What needs to be done >> Go through the listing below and repeat it exactly, omitting each picture.

Information shown >>
*-*-*
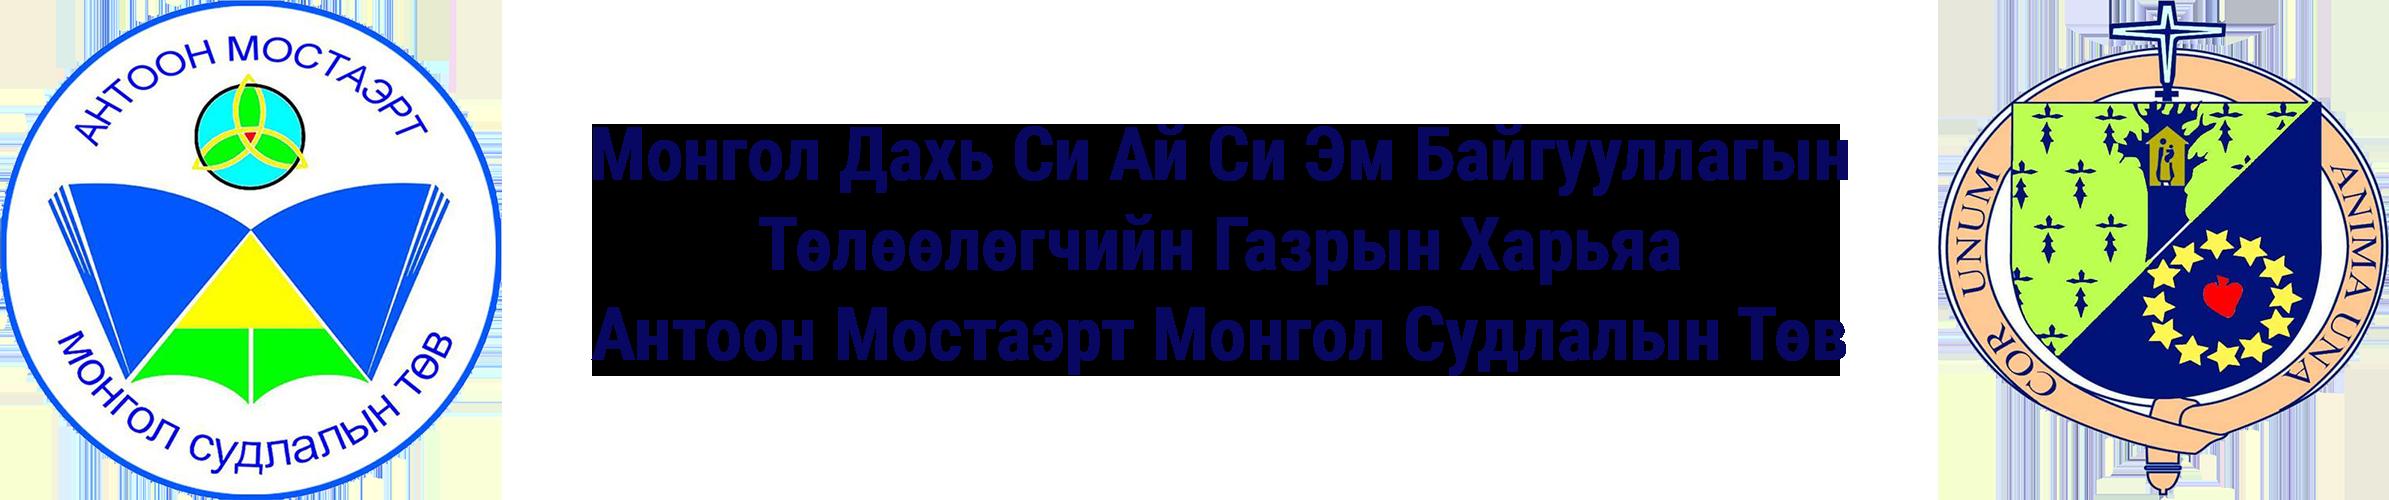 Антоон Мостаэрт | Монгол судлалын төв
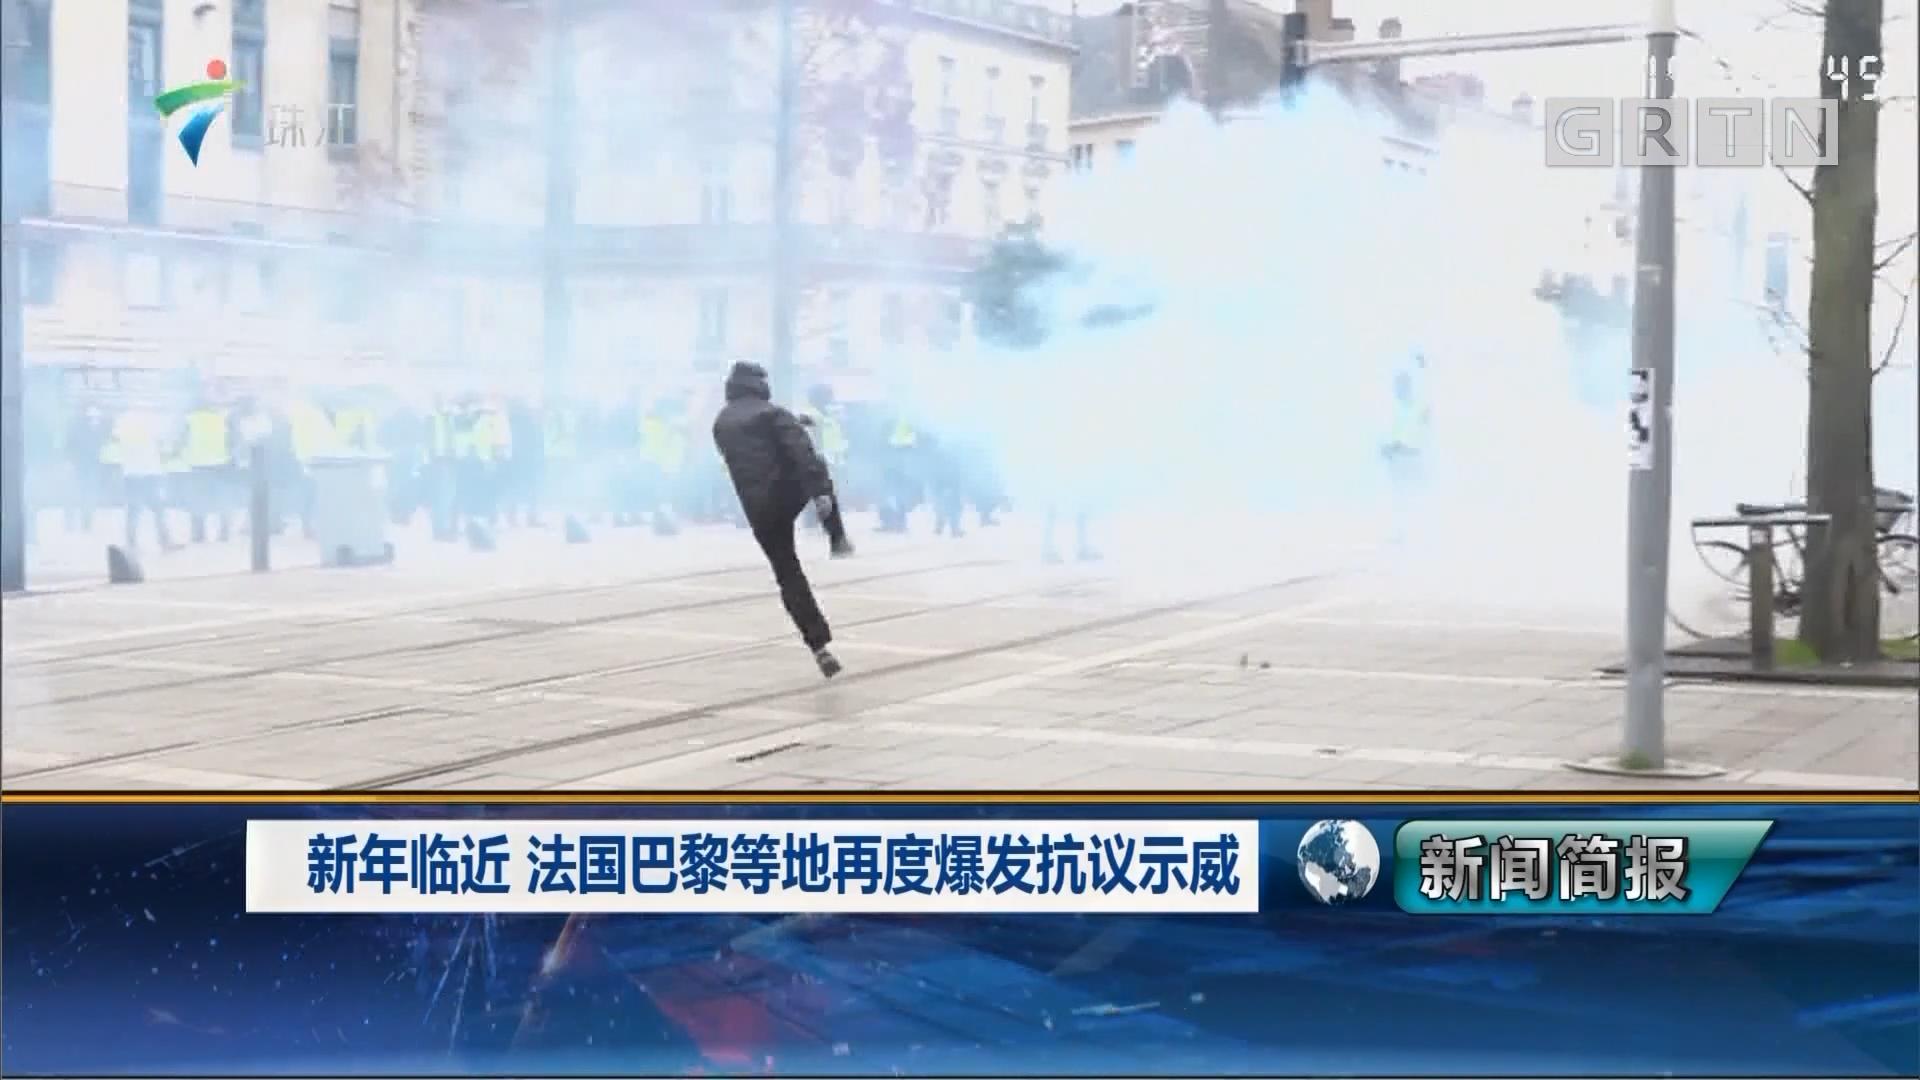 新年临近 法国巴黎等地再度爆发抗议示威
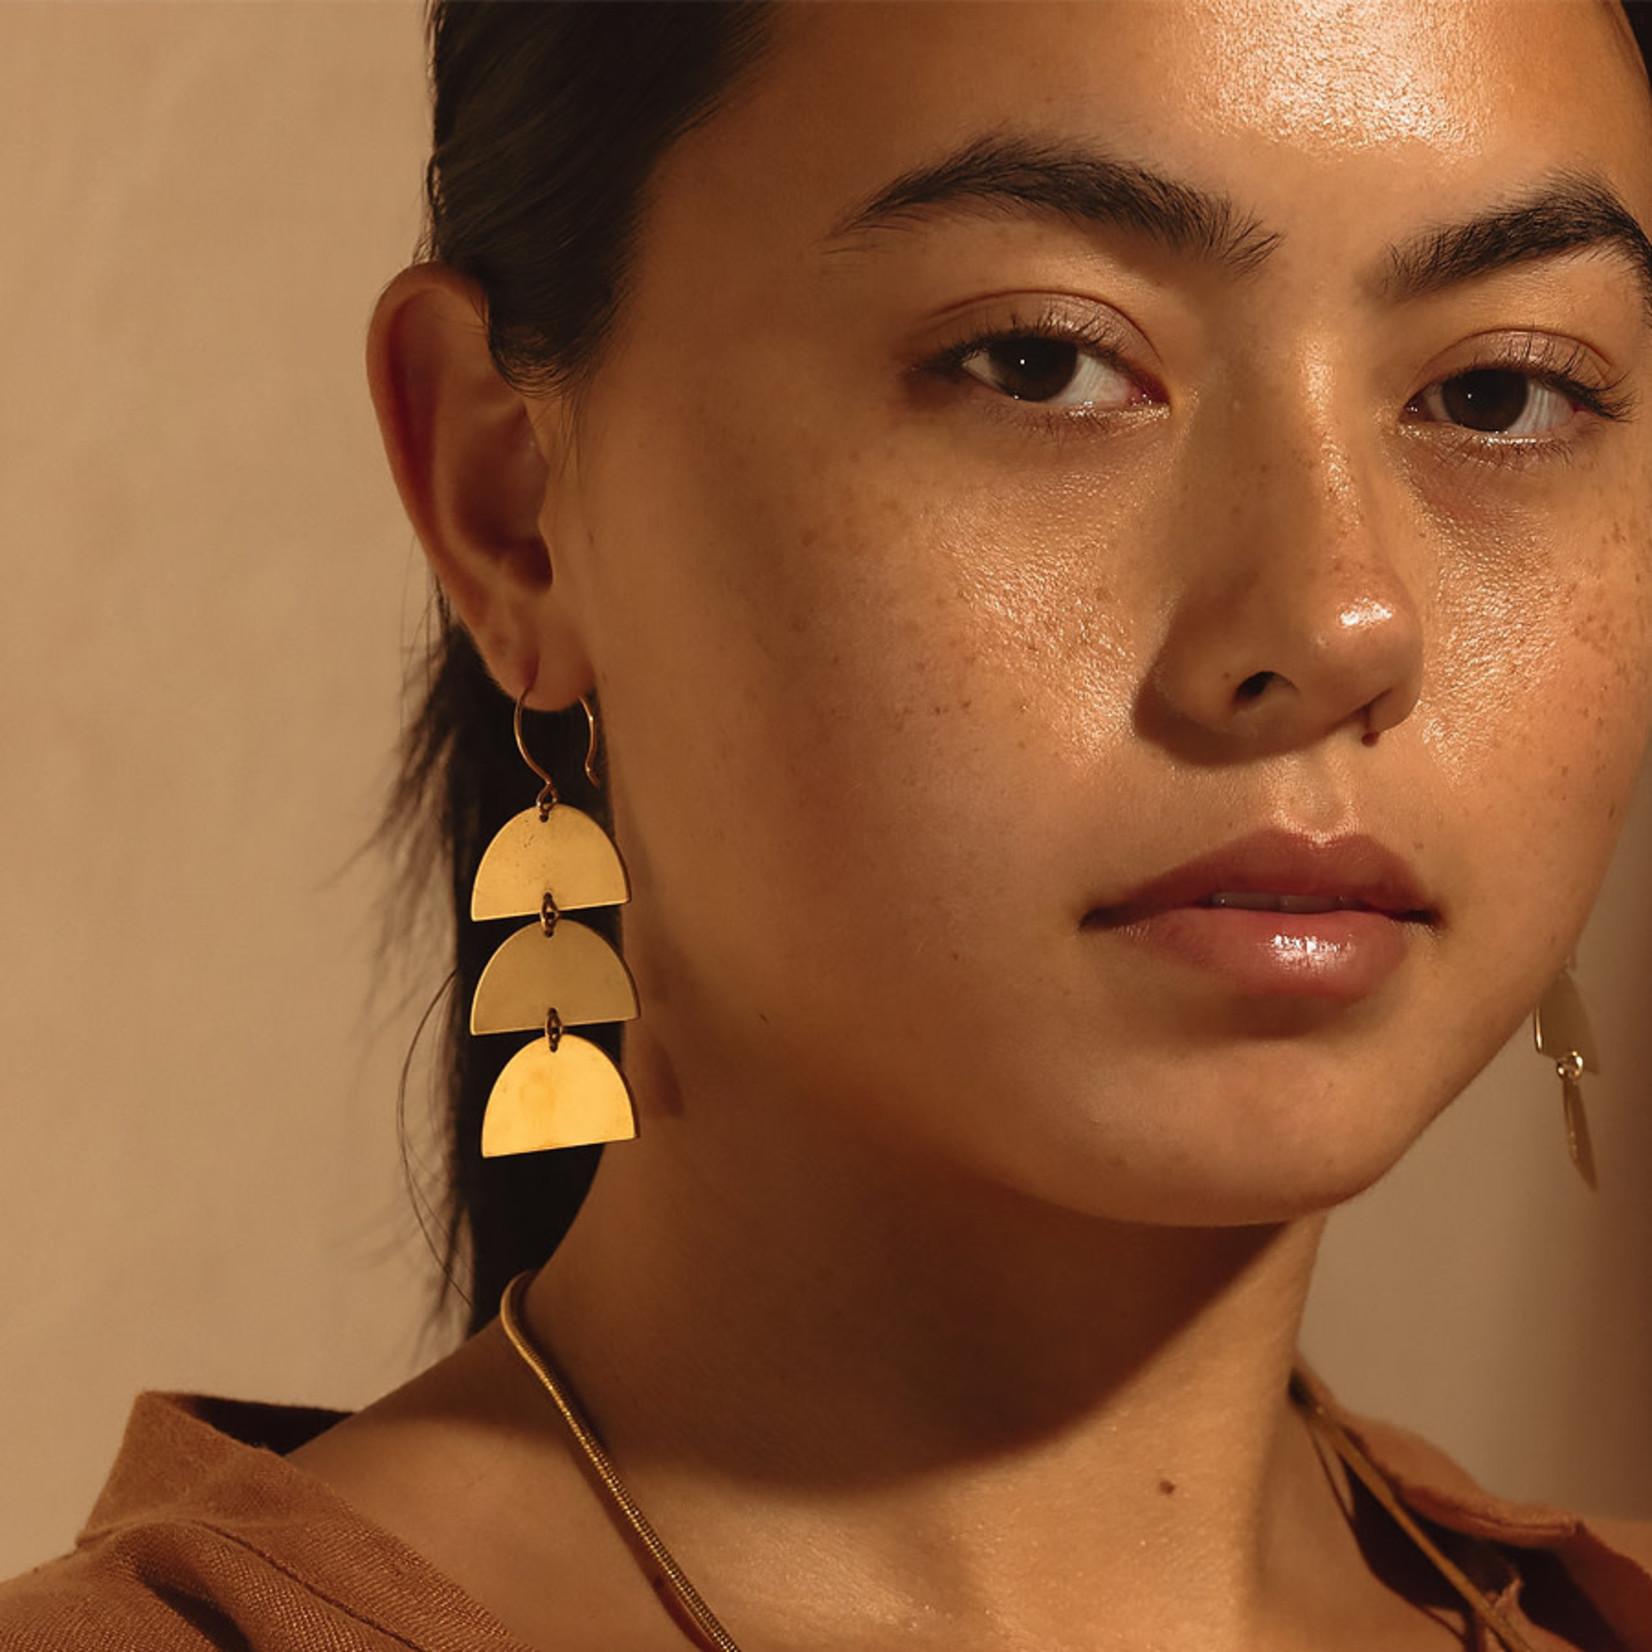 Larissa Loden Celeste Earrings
*-*-*
Reply to the exercise >>
 Антоон Мостаэрт | Монгол судлалын төв
 新年临近 法国巴黎等地再度爆发抗议示威
 Larissa Loden Celeste Earrings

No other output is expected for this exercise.